» Problem description
Transcribe the listing exactly; drop the images.

» Raw data
==================================================
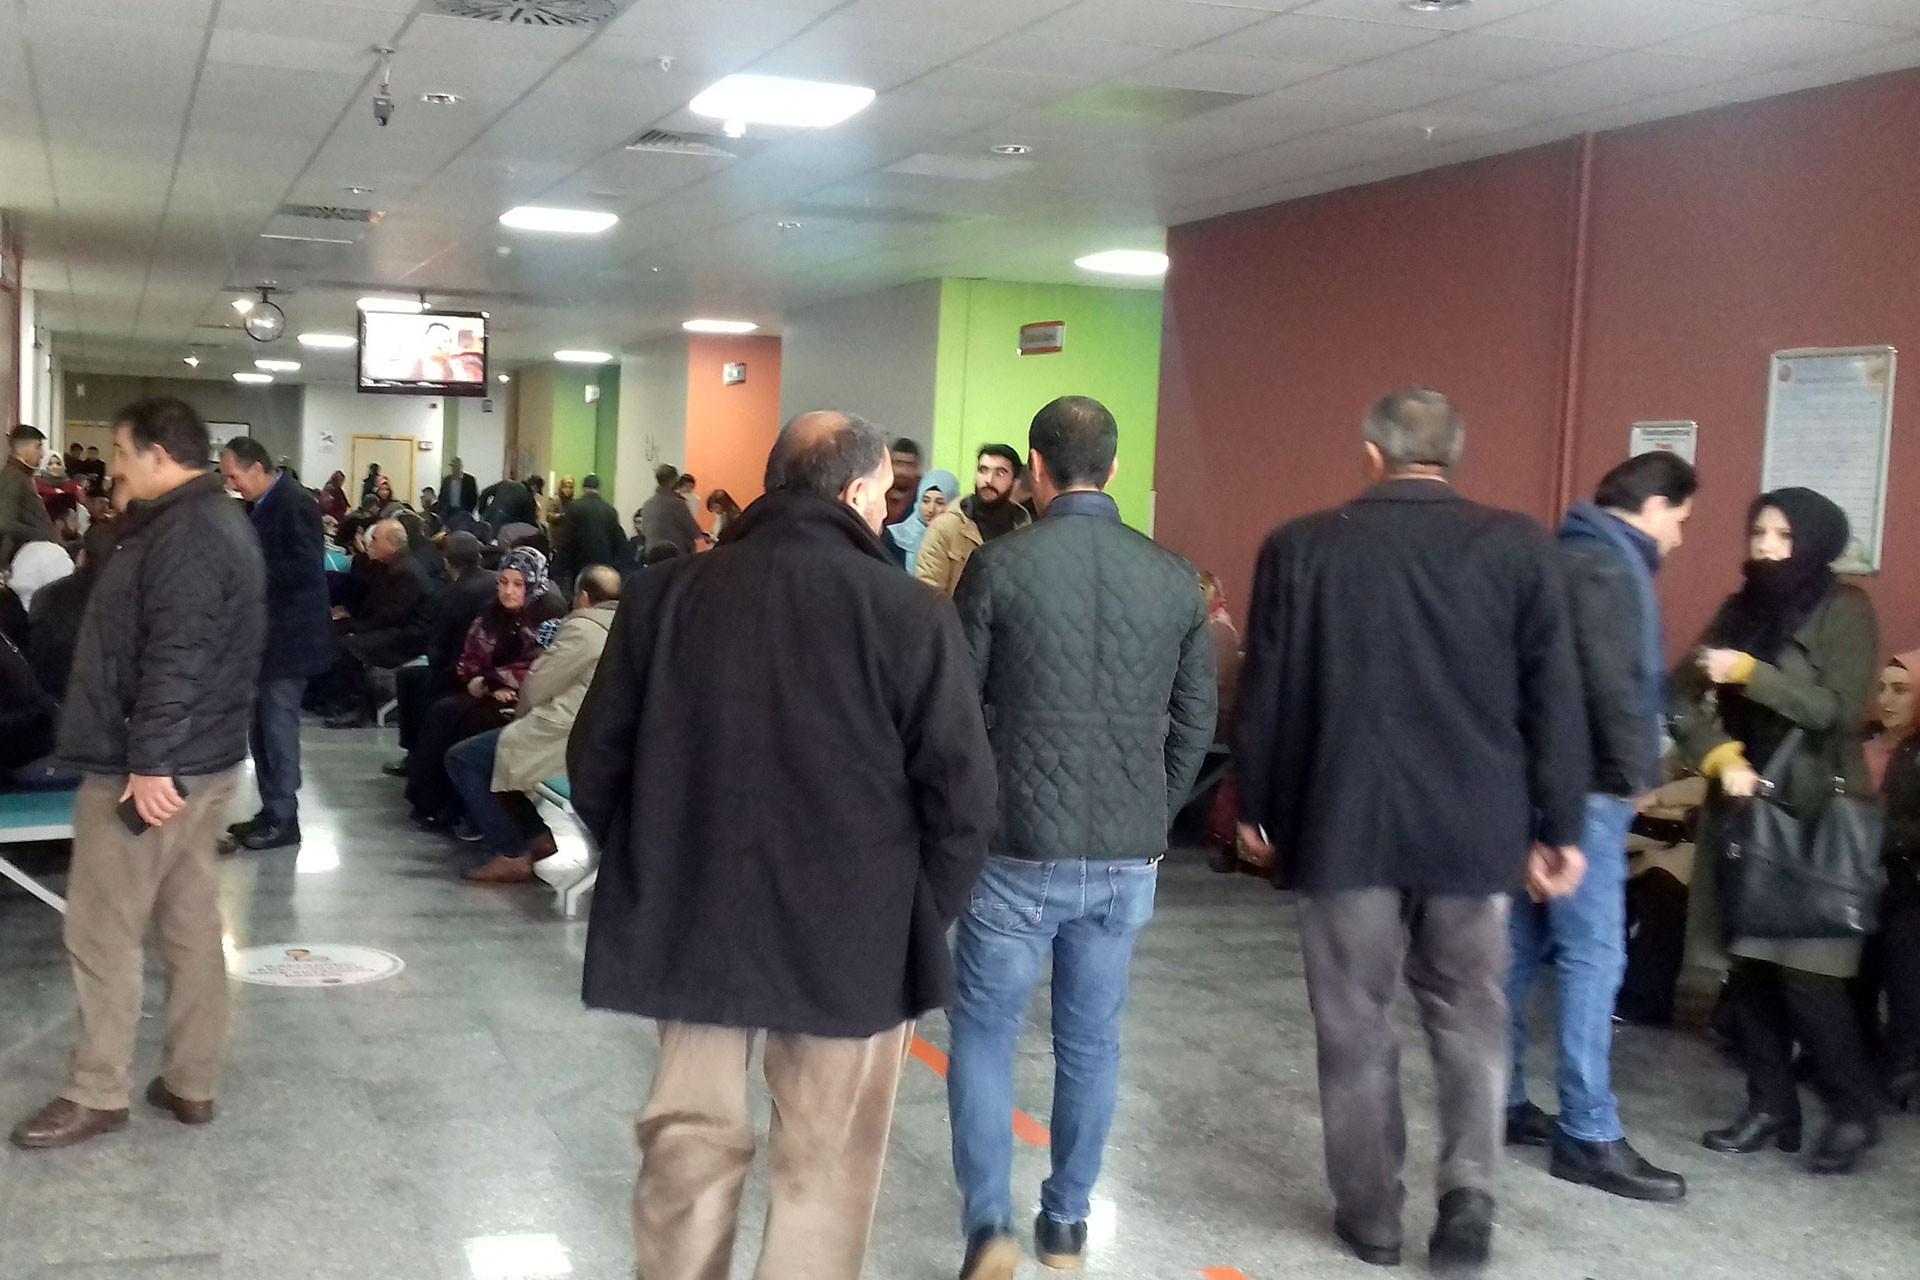 Van Yüzüncü Yıl Üniversitesi hastanesinde sıra bekleyen hastalar
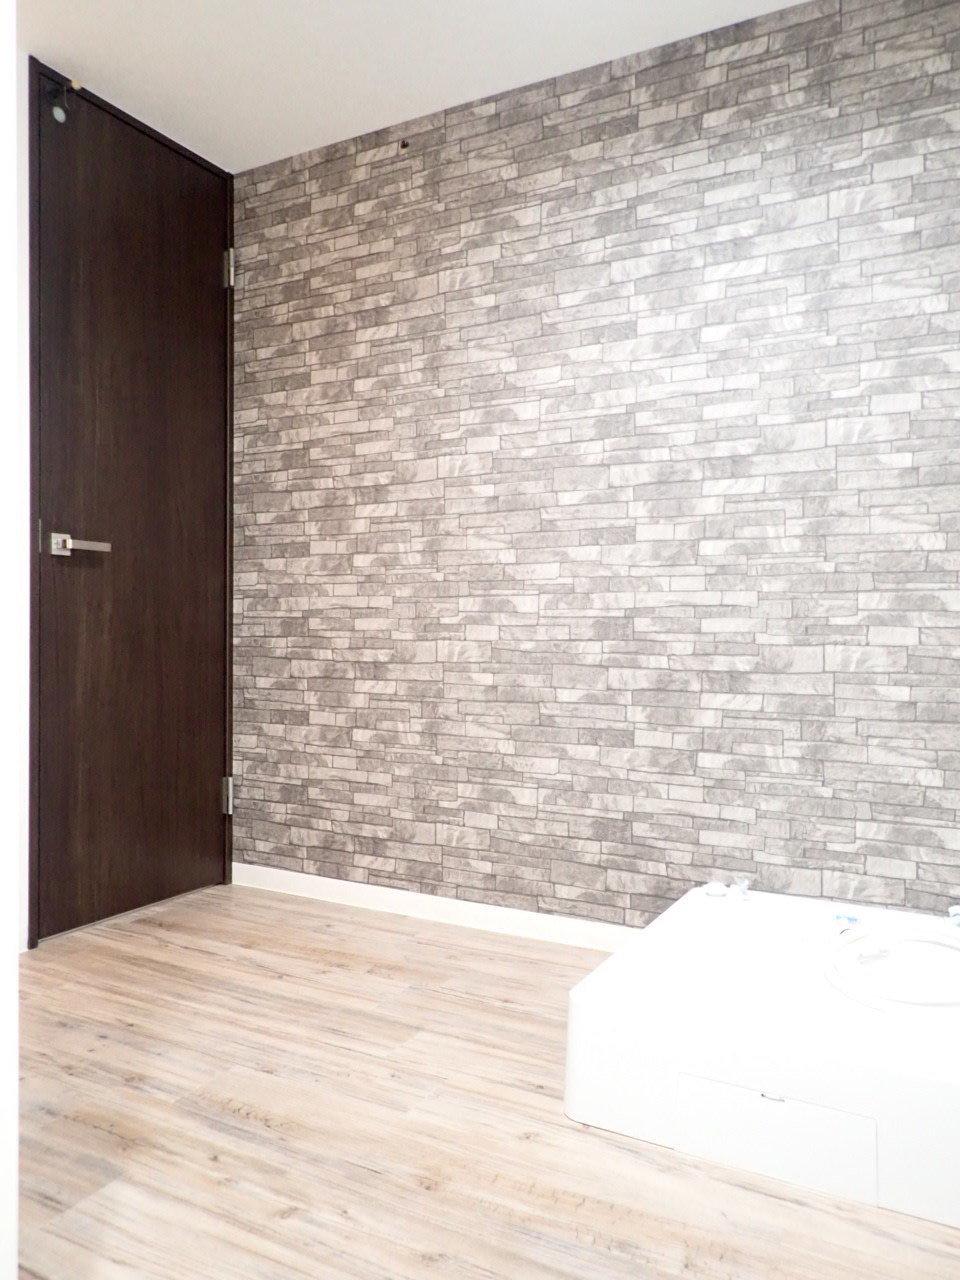 バスルーム・洗濯機置き場・トイレなどの水回りはひとまとまりになっています。ここの壁もお洒落なクロスが貼られていて、おしゃれな雰囲気がありますね。
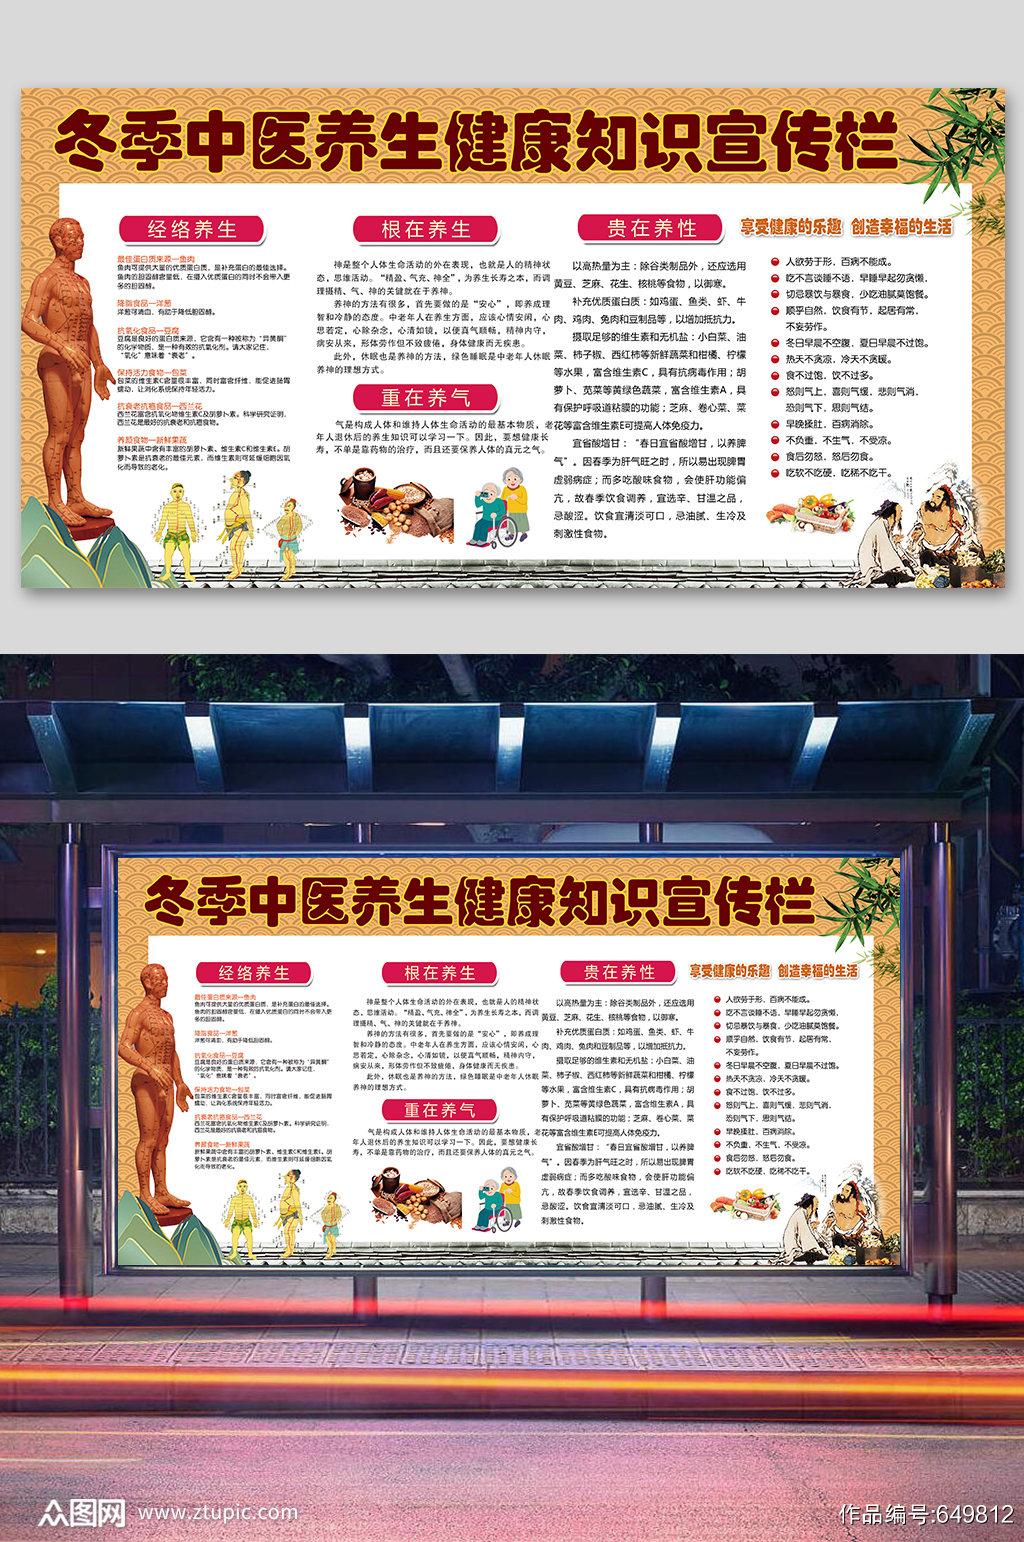 冬季健康宣传中医院宣传中医科宣传健康教育宣传素材
==================================================
» Task response
 Van Yüzüncü Yıl Üniversitesi hastanesinde sıra bekleyen hastalar
 バスルーム・洗濯機置き場・トイレなどの水回りはひとまとまりになっています。ここの壁もお洒落なクロスが貼られていて、おしゃれな雰囲気がありますね。
 冬季健康宣传中医院宣传中医科宣传健康教育宣传素材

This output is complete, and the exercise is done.